The Dark Ages
This time I swear it's not my fault. The failure to blog. My laptop hard-drive has gone kaput and it's being replaced. Much has happened since I last blogged. Firstly, I'm back in London and settled into a new flat. It feels good to have a home again after being a couch-surfing nomad for a few months. Ah, the life of a struggling artiste! In news that's more exciting than my living situation, a couple of weeks ago I appeared on BBC Breakfast and BBC News 24 worldwide. It has always been my hope that by sharing my story I can help remove some of the stigma around mental illness and encourage others to seek help and speak out when they need help. As a result, I was asked by BBC to appear on their show after a study from The Royal College of GPs revealed that GPs are struggling to diagnose and treat young people who are showing signs of depression. As someone who has been dealing with the NHS in regards to this since the age of 14 I had my own perspective to share.

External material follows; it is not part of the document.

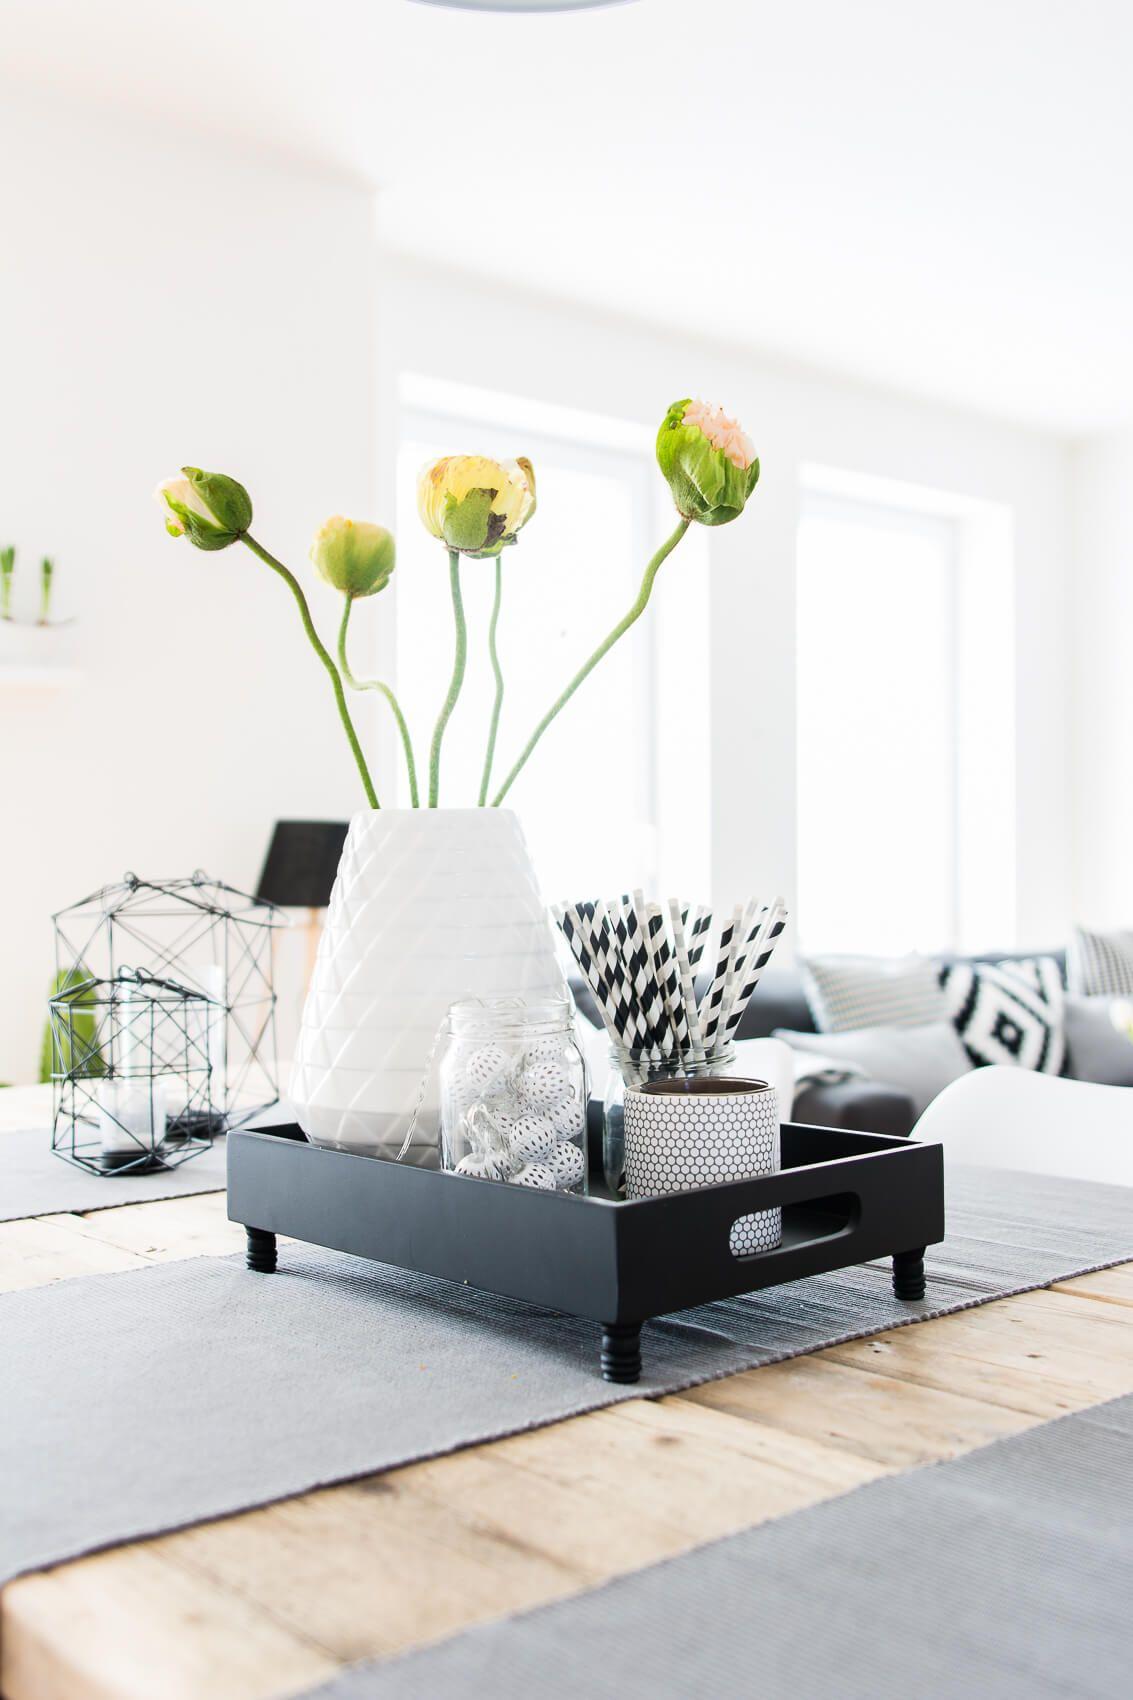 dining room living room esszimmer wohnzimmer decoration dekoration einrichtung - Einrichtung Esszimmer Wohnzimmer

I received a call late on a Tuesday night and was in Manchester by 2am, then up at 5:30am to get to the studio and film. It was my first time doing live television and I was shaking like a polaroid picture. Apparently, it didn't come across and fifteen minutes after my appearance I was asked by BBC News 24 to appear on my own for a longer segment for a worldwide piece. I was less nervous the second time around. The Bermuda press also covered the story, so click on the links to read the articles from the Bermuda Sun and The Royal Gazette.
I entitled this post The Dark Ages not only in reference to the lack of technology available to me at the moment, but also as a nod to the times I spoke about in this interview. From a very young age I felt something wasn't quite right with the way I felt. I went to my GP at the age of 14 and that's when I was first put on medication. Unfortunately, it took two suicide attempts and another 12 years to find the right diagnosis and regime of medication that would place me where I am now. Where I am now is not perfect, it never will be. I still struggle with daily life just as everyone else does, but I don't wake up every day wondering whether I'll make it through alive, wondering how everyone else gets through life when it's this difficult. If you're struggling there is help out there. Unfortunately, it sometimes requires persistence to get your doctor's attention and it can be hard to vocalise your issues, but there's no reason to suffer in silence. Screw the stigma. Your happiness and your life depends on it.